Take (Deliver 5)
Giving up on that, she padded through the front room and spied a sleeping woman on one of the mattresses. The sight of the feminine form gave her a sense of comfort. Not that she could trust anyone working for Tiago, but if she had any chance of making a friend here, maybe that woman was an option.
At the front door, Arturo breezed past and led her onto a concrete porch. The shade from the overhang offered little relief from the dry heat.
She stepped off the stoop and lifted her face to the cloudless, sun-bleached sky. Without shoes, the rocky ground burned the soles of her feet, but she didn’t care. It’d been a month since she felt direct sunlight on her skin.
There were no sounds, no traffic, no roaring of ocean waves, no signs of civilization in any direction. Unmarked nothingness embraced her with empty arms.
She paced a circuit around the house, examining the barred windows and probing for weak exit points. If she decided to run, the front door would be the only way out. Not that she would make it two feet with the silent, intimidating barricade hovering at her elbow.
Arturo’s presence made her skin crawl, especially after hearing him admit he wanted to fuck her more than anything.
A shudder gripped her as she returned to the porch and sat on the steps.
“Are we in Venezuela?” She squinted at him.
He leaned against the awning support and said nothing. At six-foot-and-too-many-inches tall, his thirties-something gladiator build backed up the combative vibes that emanated from him.
“How long have you worked for Tiago?” she asked.
No response.
“I’m not comfortable with what you said about me inside.” She rubbed her neck. “Please, tell me you weren’t serious.”
He grunted a huff, and his pockmarked cheeks bounced with sick amusement.
“So it’s true.” Her face turned to ice, despite the suffocating heat. “He lets his guards rape his prisoners.”
“He likes to watch.”Kate’s stomach plunged to her feet.
Tiago liked to watch his men rape women. Of course, he did. He was a criminally insane psychopath.
And she’d been sleeping next to his room for the past month.
Her heart sprinted as she honed in on the car parked thirty feet away. What were the odds she could outrun Arturo, hop into the front seat, and find a key in the ignition?
Not a chance in hell.
She slumped. “Where did Boones go?”
One of the cars was missing, and she hadn’t seen the doctor since breakfast.

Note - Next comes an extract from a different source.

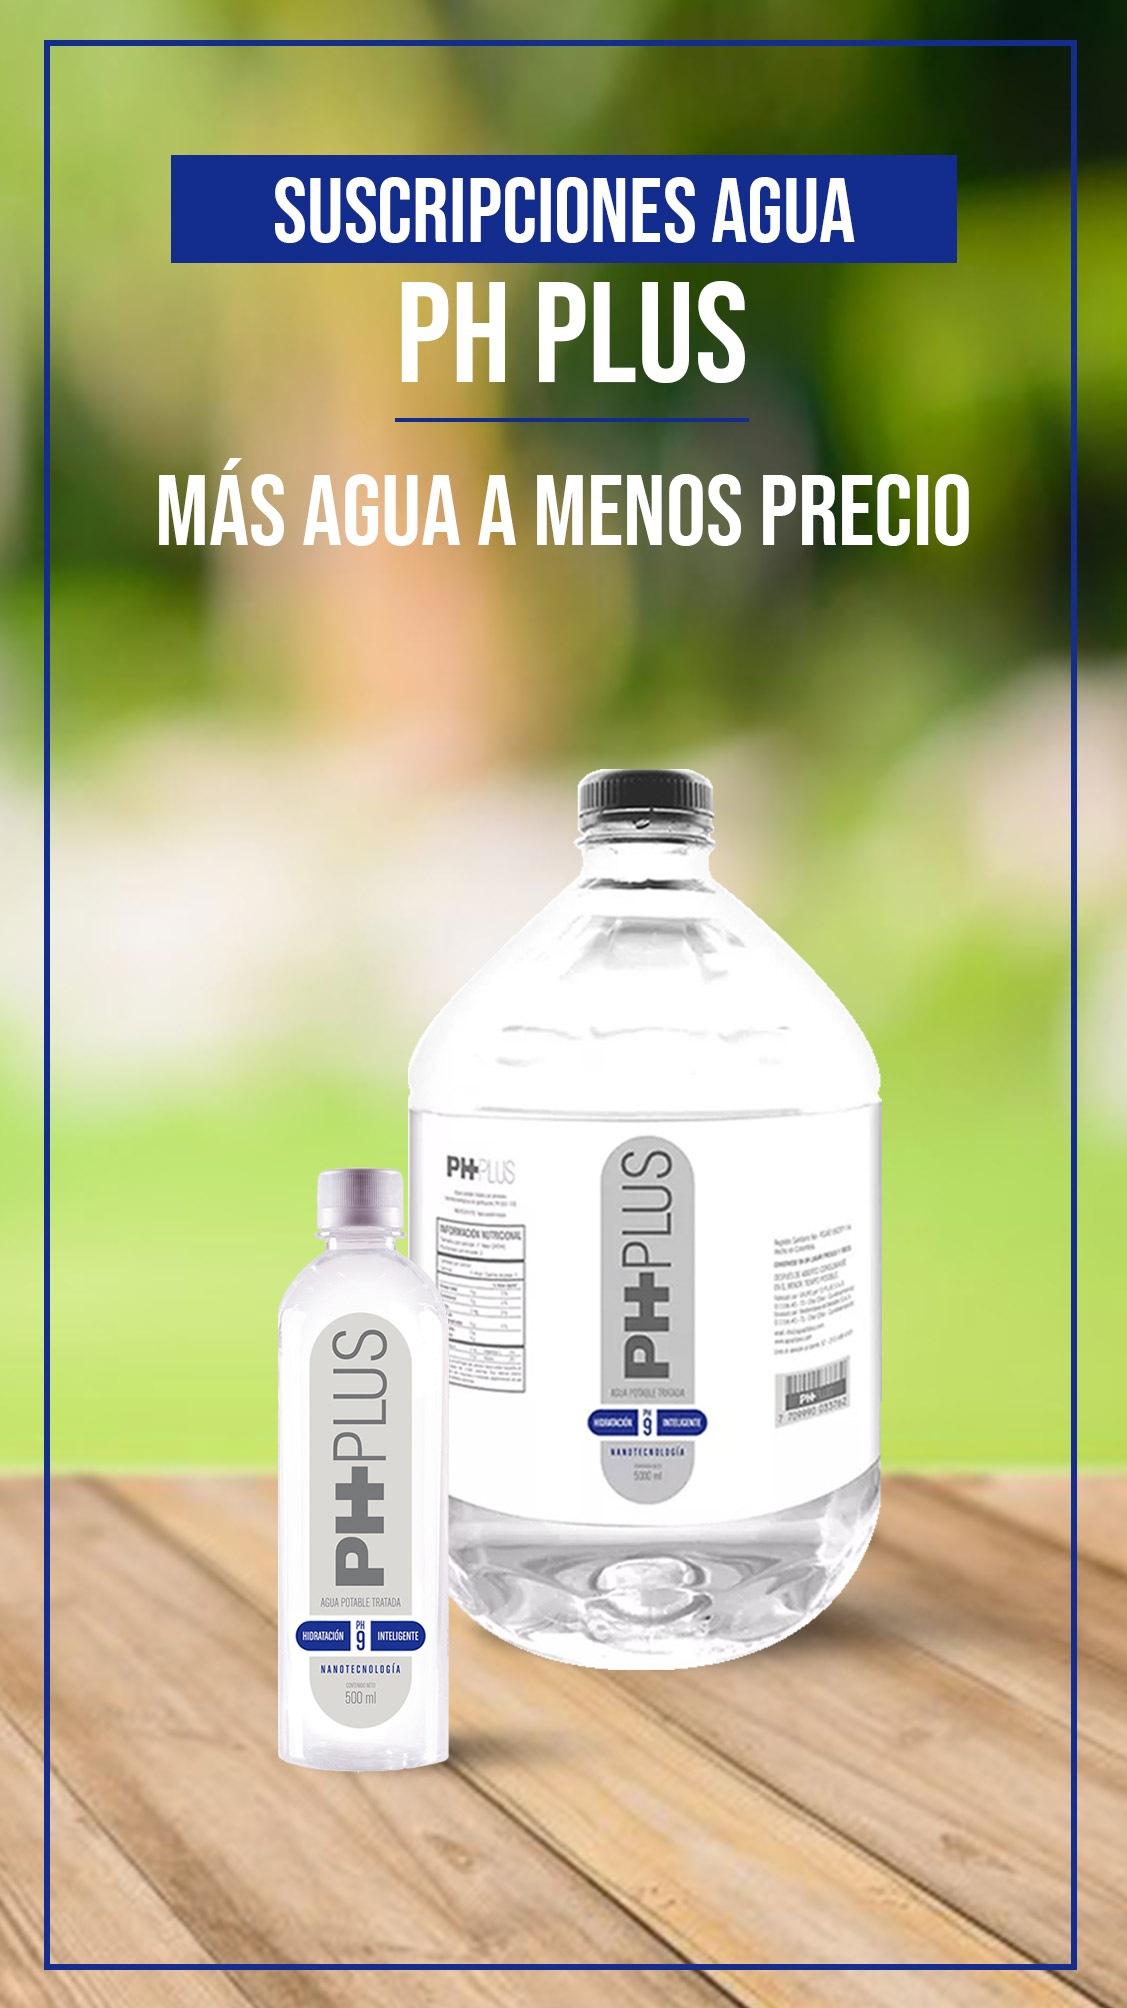 Suscripciones PH PLUS la mejor agua alcalina embotellada al mejor precio

Arturo stared at the hazy horizon, as if she weren’t speaking.
“What animal best represents your personality?” she asked, trying to startle a reaction from him.
His eyes narrowed, but he didn’t glance at her.
“I’m thinking a bear.” She tapped her chin. “But could you survive in the wilderness?” She sighed at his muteness. “A teddy bear, then.”
A raping, murderous, gangster teddy bear.
He crossed a booted ankle over the other and rested his fingertips in the front pockets of his baggy jeans.
“What do your clothes say about you?” She pursed her lips, frustrated by his refusal to talk. “Say something. I dare you. No, really. I totally dare you to utter one word.”
He was a statue. A voiceless, expressionless sentinel.
Over the next two hours, she continued to toss out questions, hoping he would bite. She wanted him to slip up and tell her something useful. But the comment about Tiago watching his guards rape prisoners was the only information she managed to coax from him.
The sun beat down on the cracked earth, brutally hot and smothering. Nevertheless, she remained on the shaded porch, preferring the limited freedom of outside to the stale confinement of the stone walls indoors.
Eventually, Boones returned.
As he parked the sedan and climbed out, Arturo straightened, assuming a more attentive stance. She didn’t know how many weapons the massive man concealed beneath his clothes, but she wouldn’t try to steal car keys from Boones and risk a bullet from Arturo.
Her escape would require more stealth than a grab-and-run.
“Help me with these.” Boones handed her several shopping bags and carried the rest into the house and up the stairs.
There were stores nearby? Close enough for Boones to buy all this stuff and return within a few hours? She still didn’t know what country she was in. Maybe there was a receipt with an address in one of the bags?
Arturo relayed Tiago’s message about the hair-covered clothes in the kitchen. Then he hung back in the stairwell as she followed the old doctor through the antechamber and down the hall to Tiago’s room.
Boones heaved the bags onto the mattress and removed the contents. Running shoes, active wear, jeans, t-shirts, underwear… As he separated the clothes into two piles, she realized one of the stacks was meant for her.
She emptied the other bags and helped him sort, unable to locate a receipt or anything that identified her location. “Are we staying here? In Venezuela?”